> ASSIGNED TASK
No pictures belong in the copy. Retype exactly, and only, the stretch of lines below from the one with "Yamaha c3 6" through the one with "Aquaな露天風呂Vol.969 露天 のぞき動画画像 52画像 14".

> RECORDS TO PROCESS

<<<<

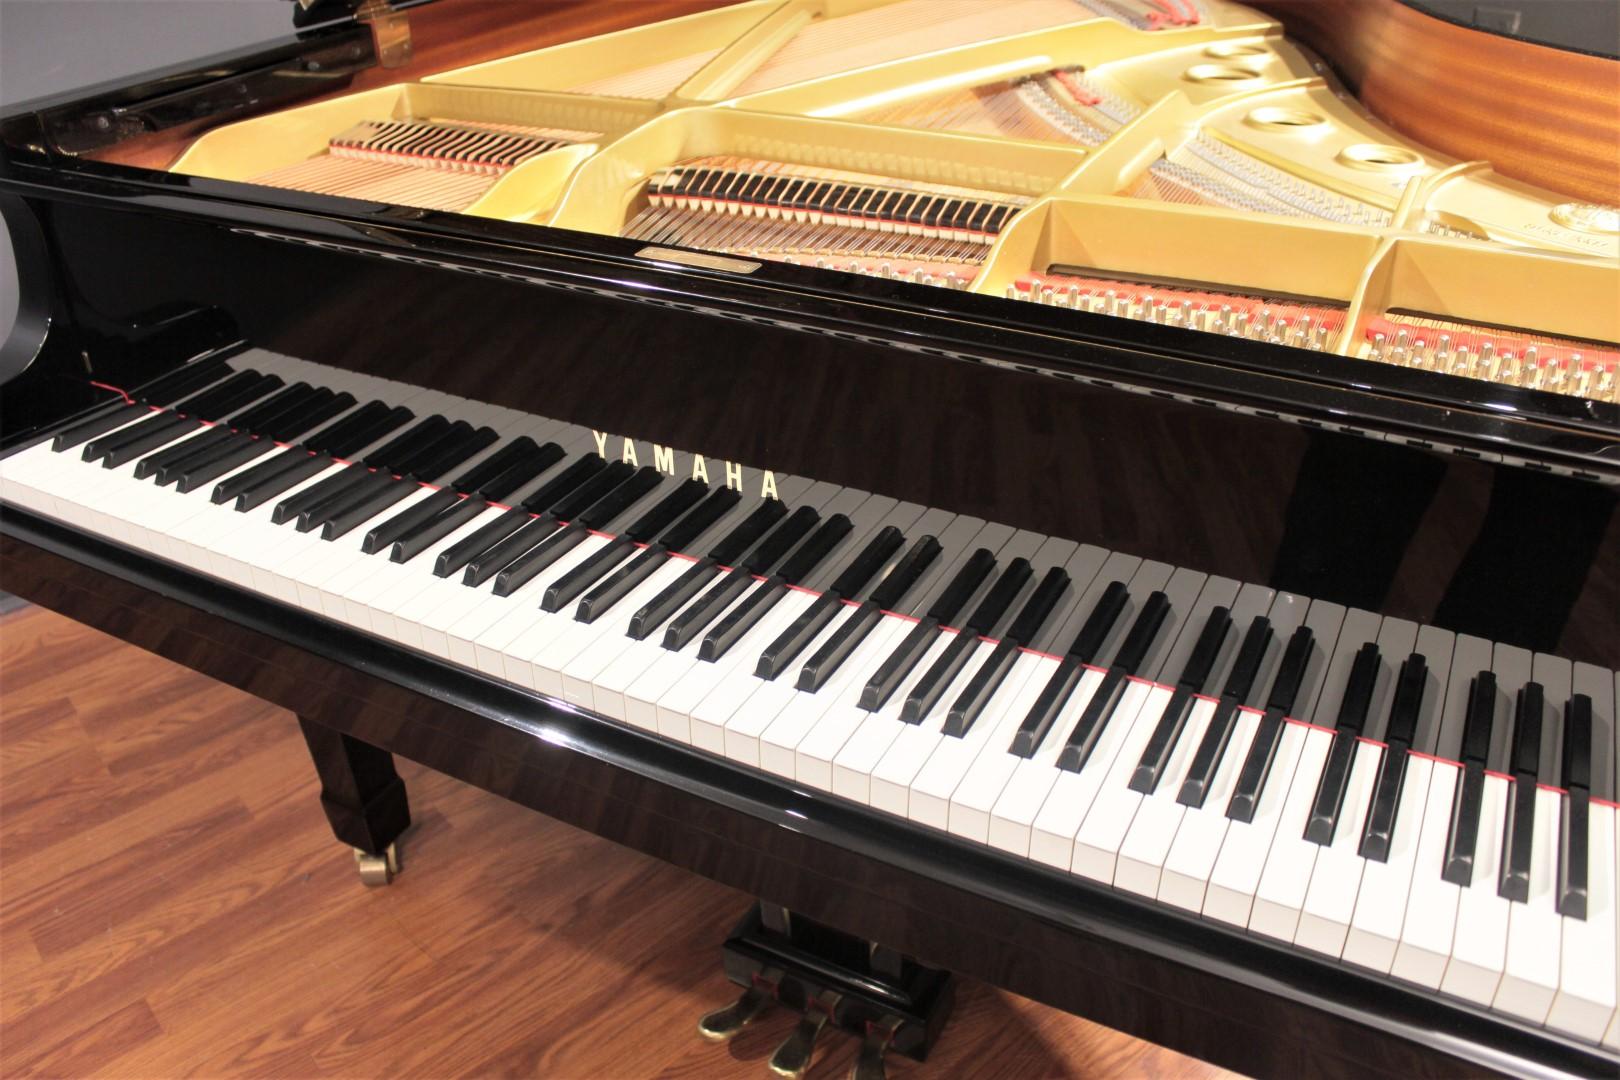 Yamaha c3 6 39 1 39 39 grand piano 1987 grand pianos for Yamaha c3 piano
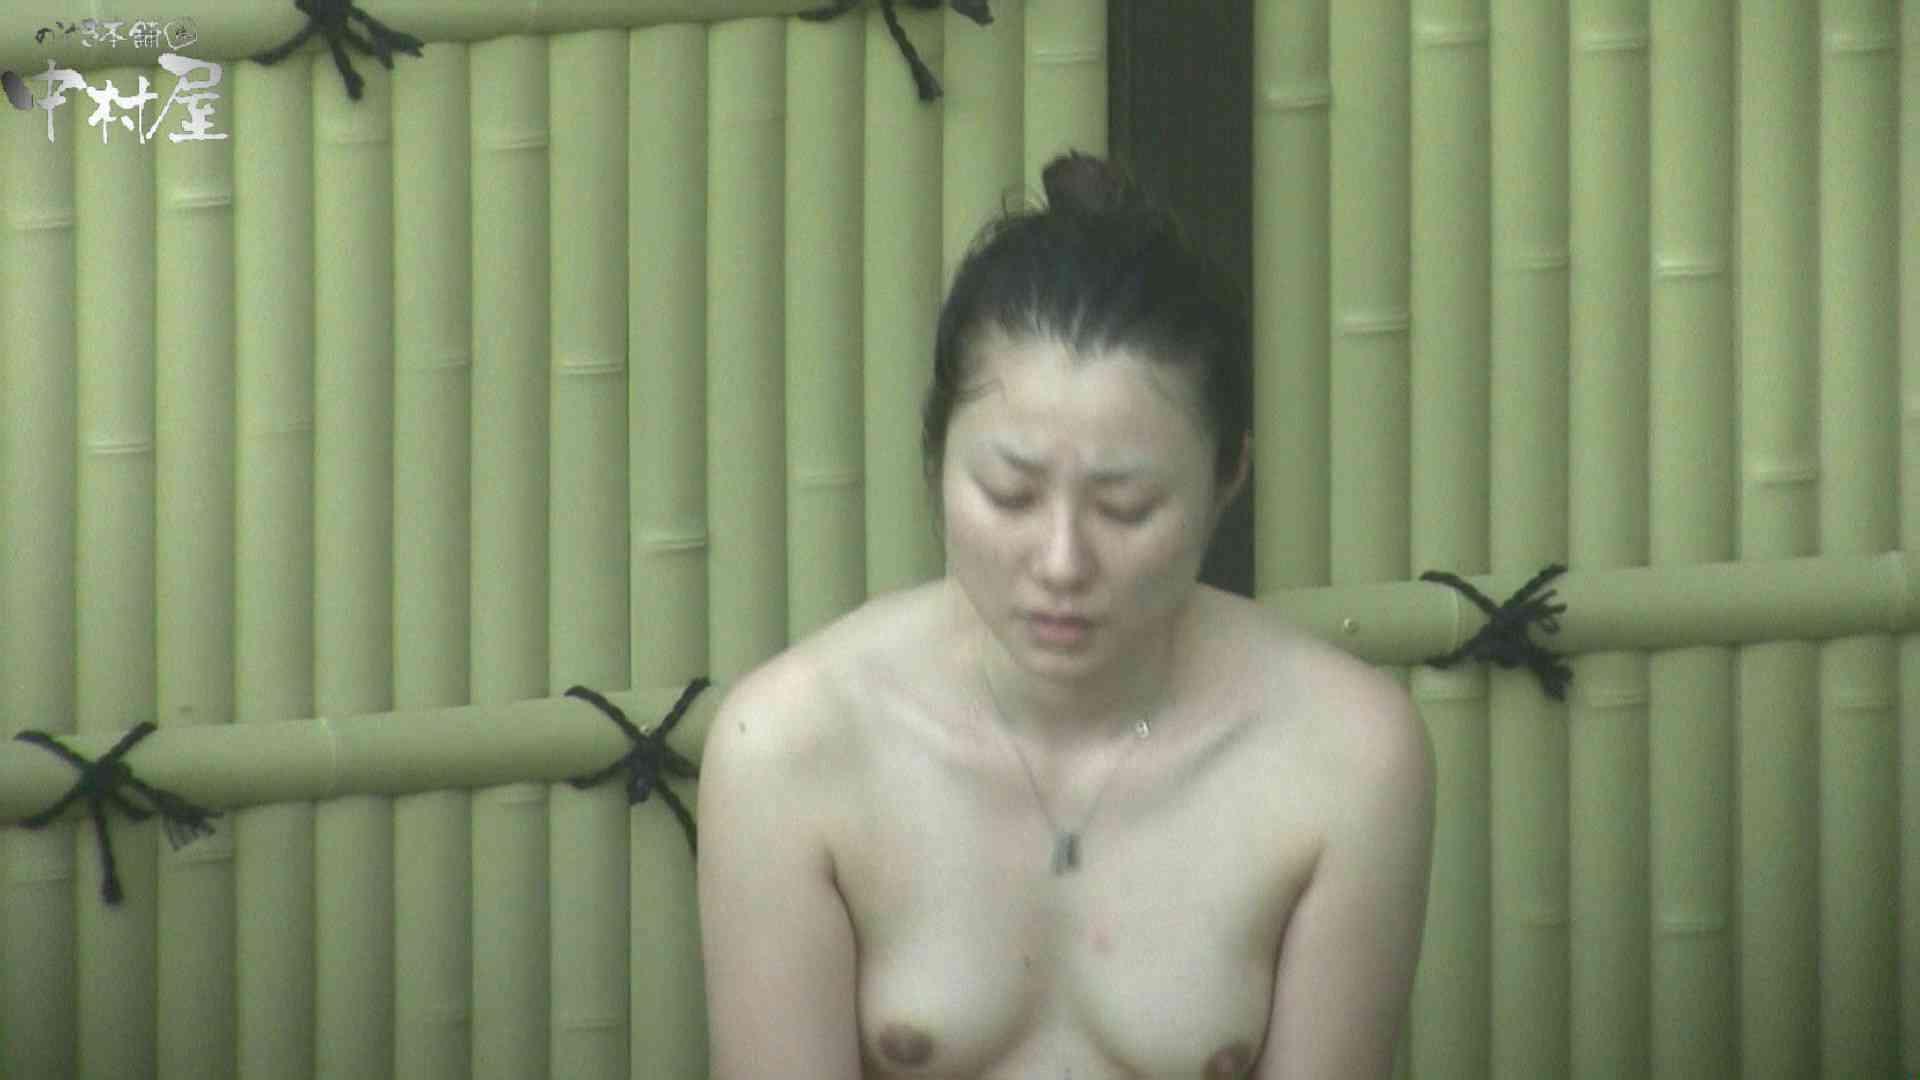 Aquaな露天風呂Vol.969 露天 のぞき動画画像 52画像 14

>>>>
<<<<

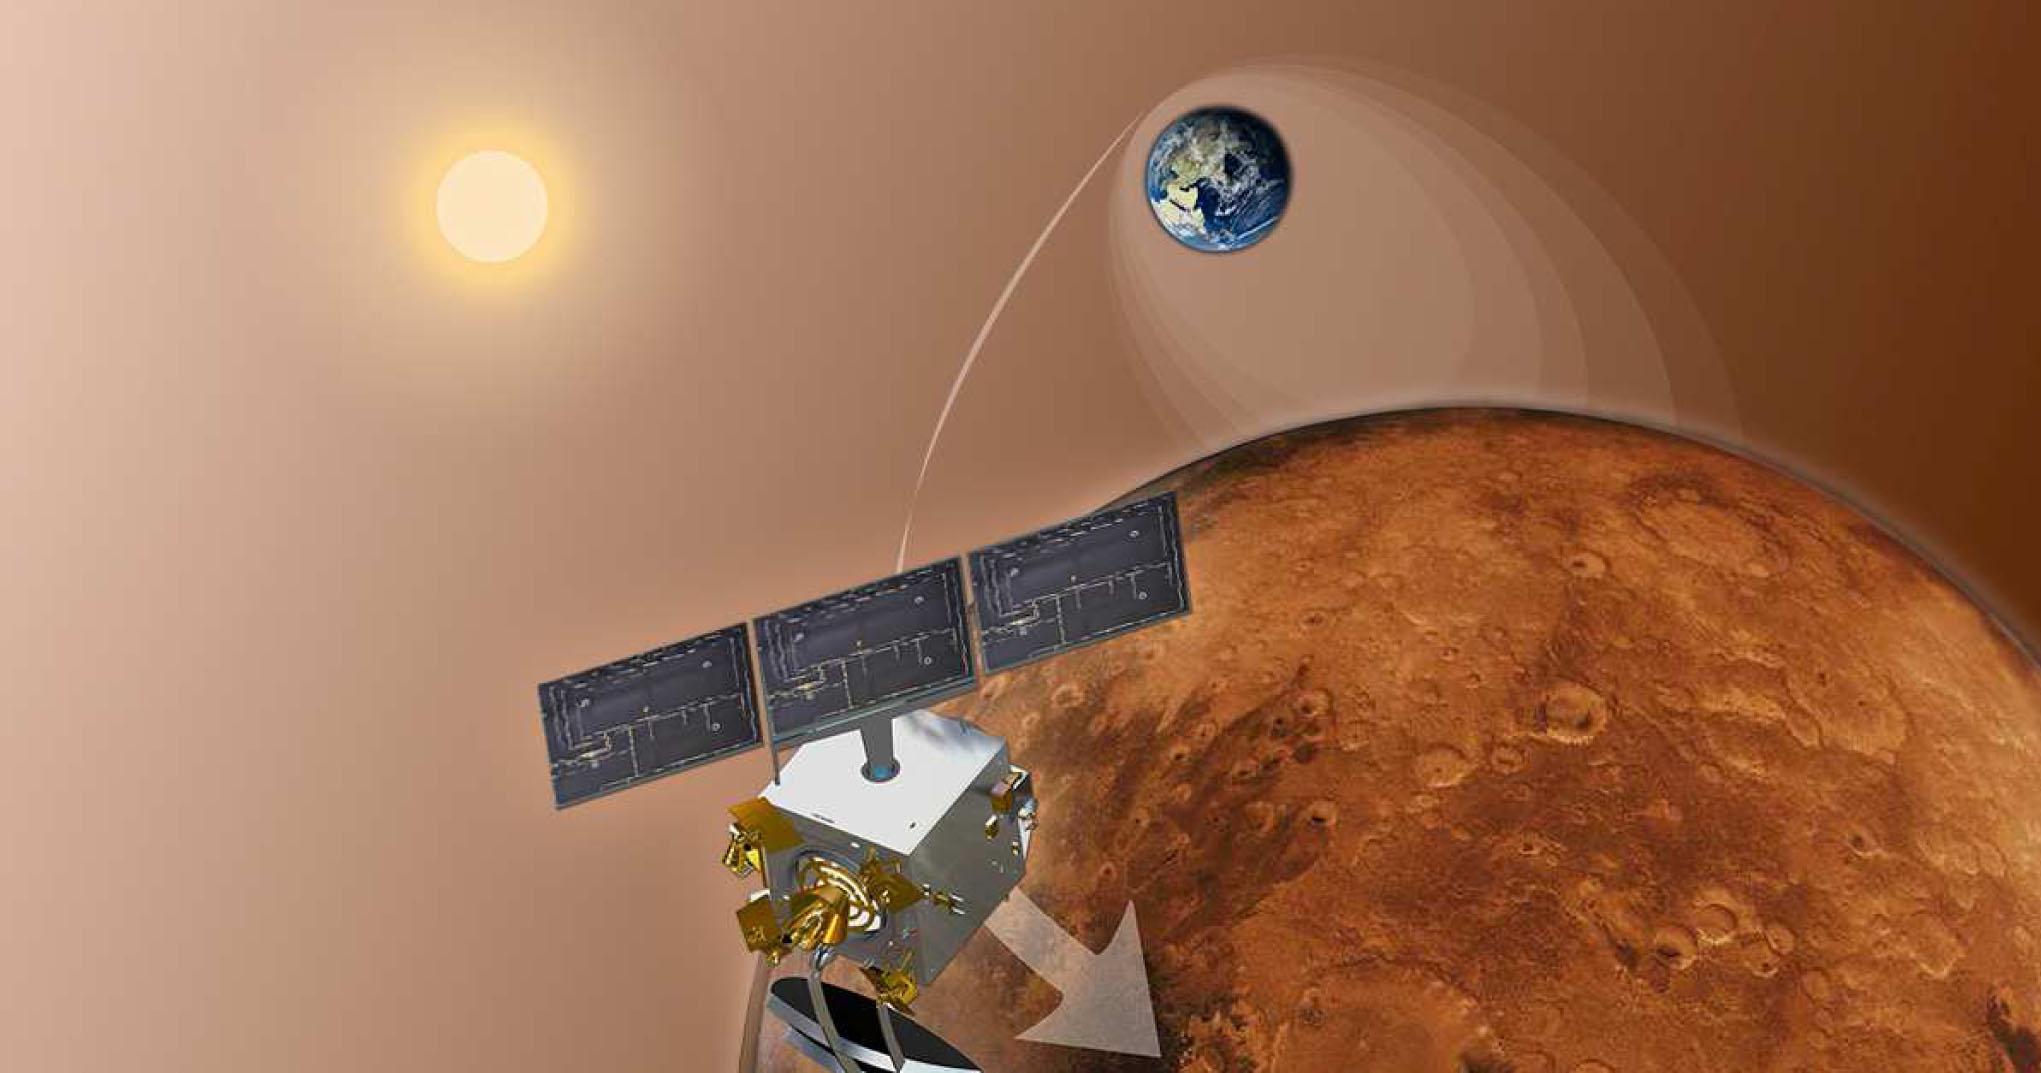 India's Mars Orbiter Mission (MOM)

>>>>
<<<<

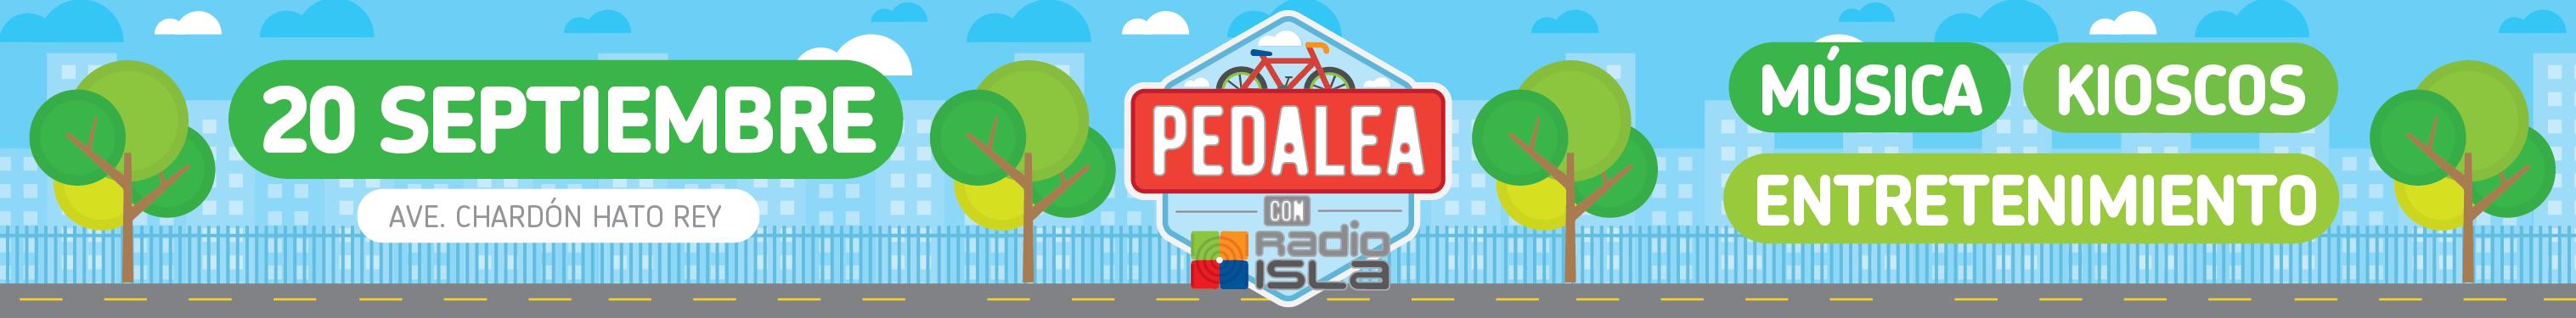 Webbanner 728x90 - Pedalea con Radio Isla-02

>>>>

> WRITTEN ANSWER
 Yamaha c3 6 39 1 39 39 grand piano 1987 grand pianos for Yamaha c3 piano
 Aquaな露天風呂Vol.969 露天 のぞき動画画像 52画像 14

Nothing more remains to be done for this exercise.